Roberto Figueroa

Personal information
- Full name: Roberto Figueroa
- Date of birth: 20 March 1904
- Place of birth: Montevideo, Uruguay
- Date of death: 24 January 1989 (aged 84)
- Position: Midfielder

Senior career*
- Years: Team / Apps / (Gls)
- 1921–1927: Rampla Juniors
- 1928–1933: Montevideo Wanderers

International career
- 1921–1933: Uruguay / 9 / (6)

Medal record
Men's Football
Representing Uruguay
Olympic Games
| Gold medal – first place | 1928 Amsterdam | Team competition |
South American Championship
| Runner-up | 1927 Peru | National Team |

= Roberto Figueroa =

Uruguayan footballer (1904-1989)

Roberto Figueroa (20 March 1904 – 24 January 1989) was a Uruguayan footballer who played for the Uruguay national team.
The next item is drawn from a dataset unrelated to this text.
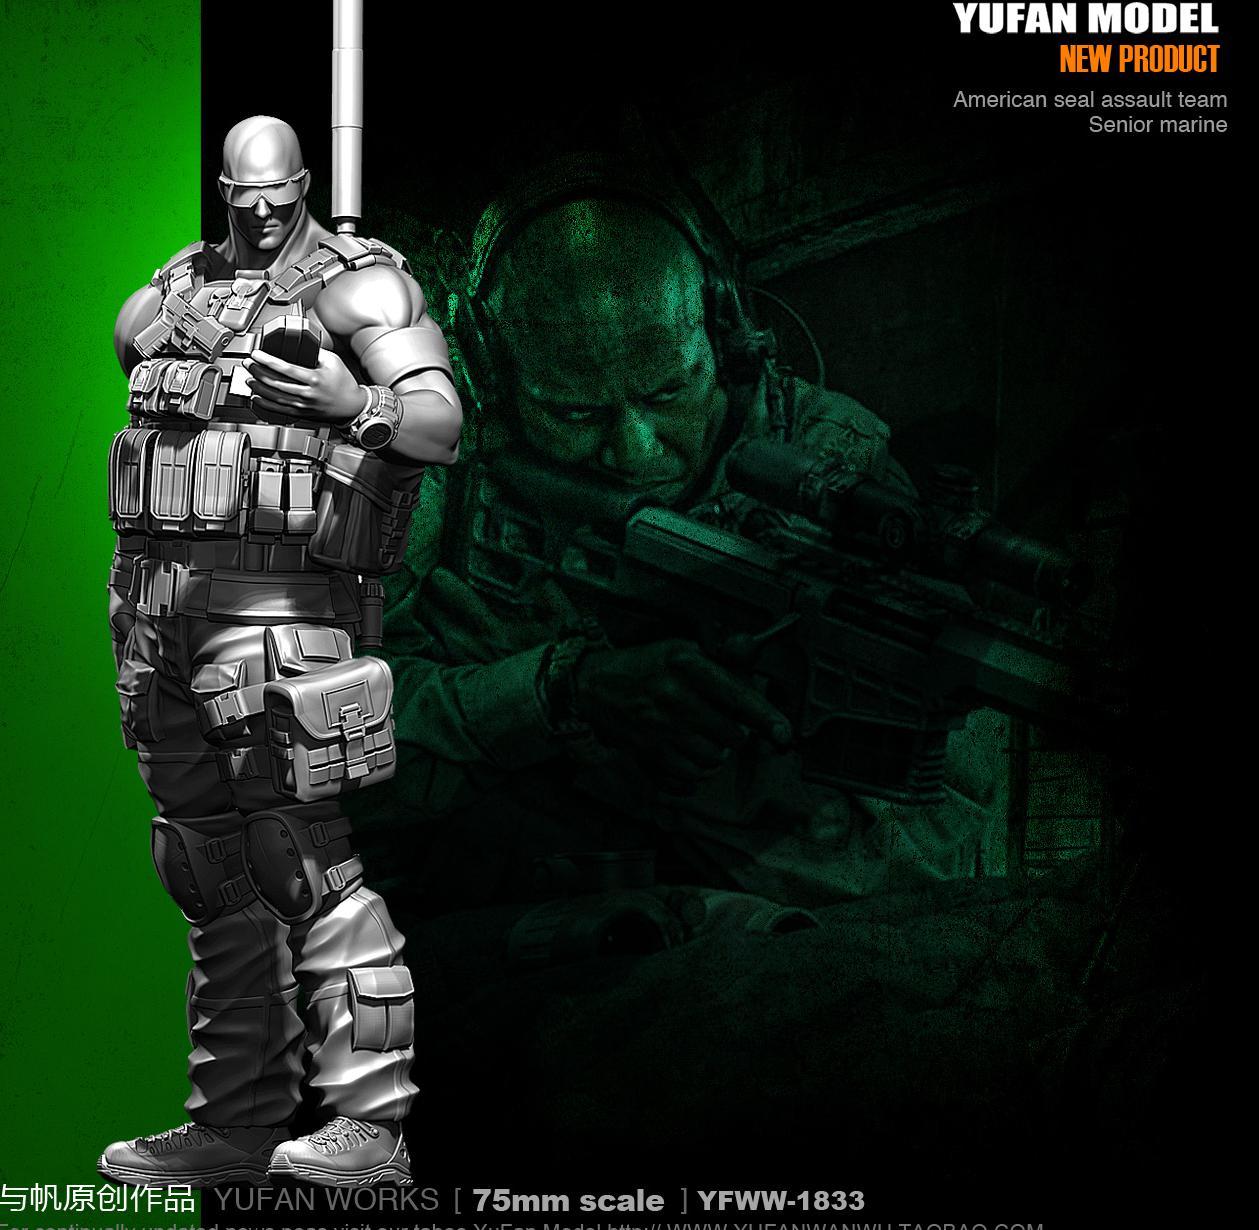 Yufan Model Original 75mm Figure  U.s. Sniper Resin Soldier Model Kit YFWW-1833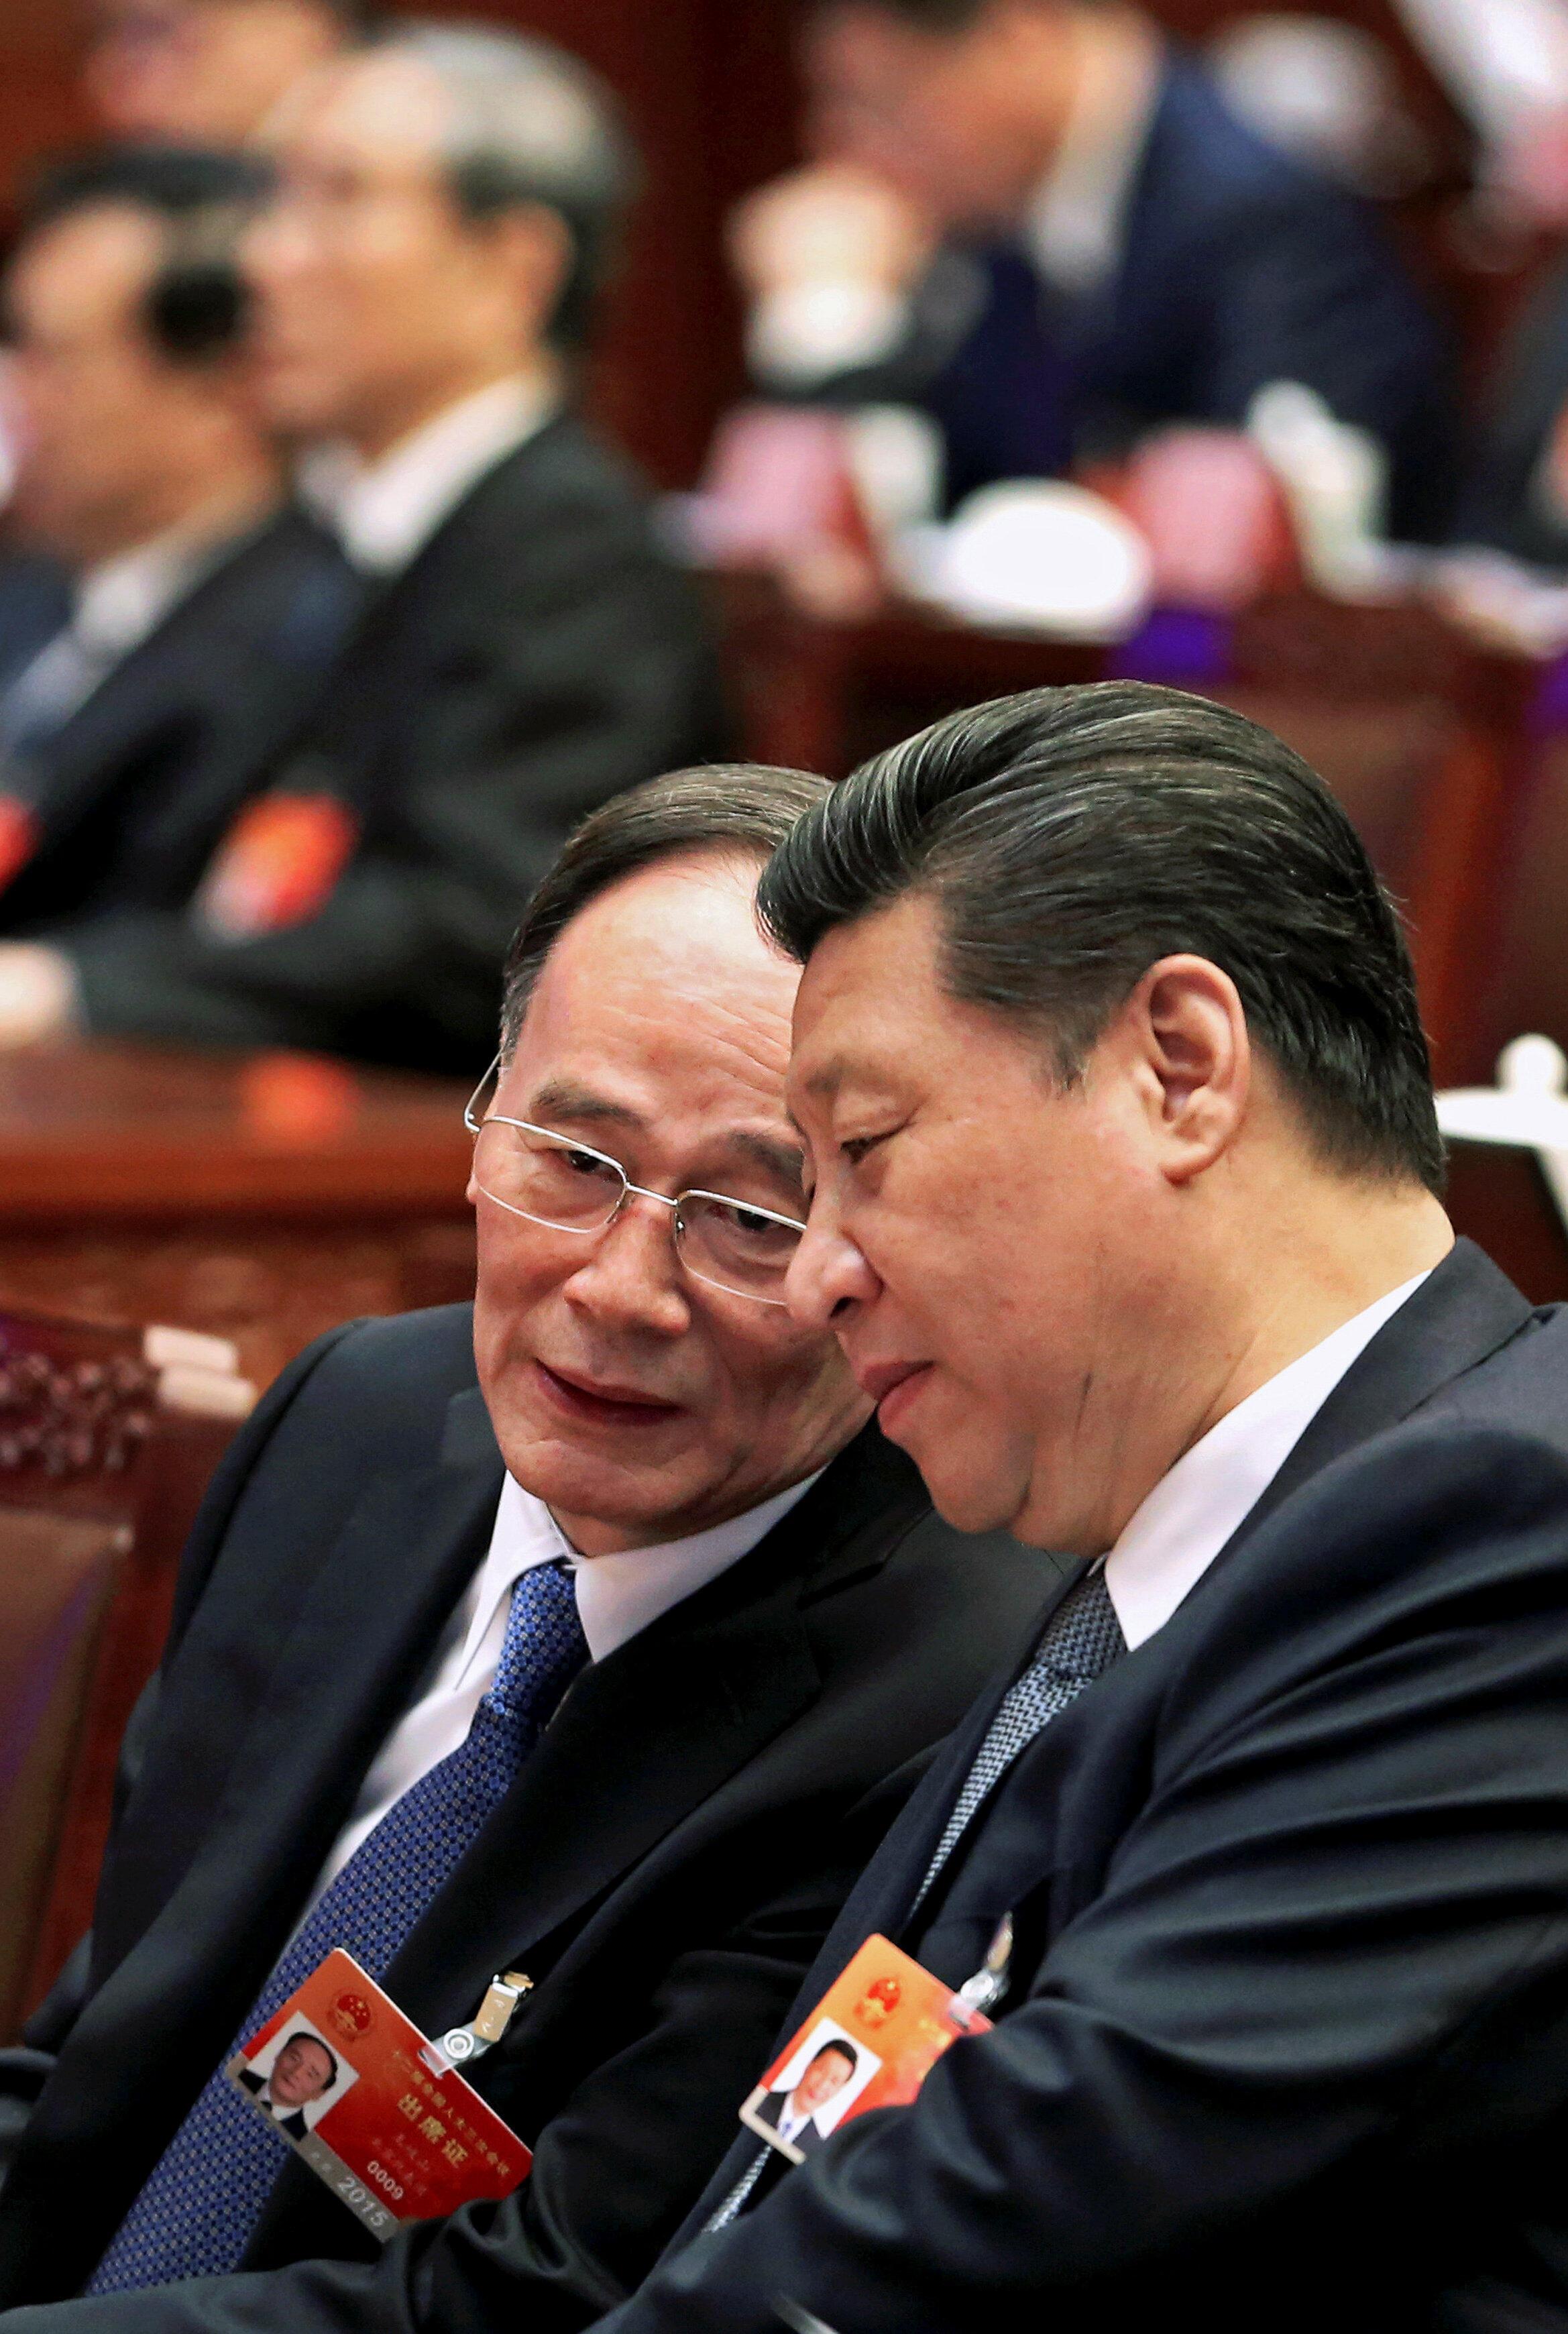 """Chủ tịch Trung Quốc Tập Cận Bình (P) và """"cánh tay chống tham nhũng"""" Vương Kỳ Sơn. Ảnh tháng 3/2015, tại Bắc Kinh."""

He was a member of the squad which won the gold medal in 1928 Olympics.

==Career==
Born in Montevideo, Figueroa played club football for Montevideo Wanderers, where he won two league titles while scoring 75 goals in 331 matches. He was inducted into the club's hall of fame in 2009.

Figueroa made nine appearances for the Uruguay national football team from 1921 to 1933.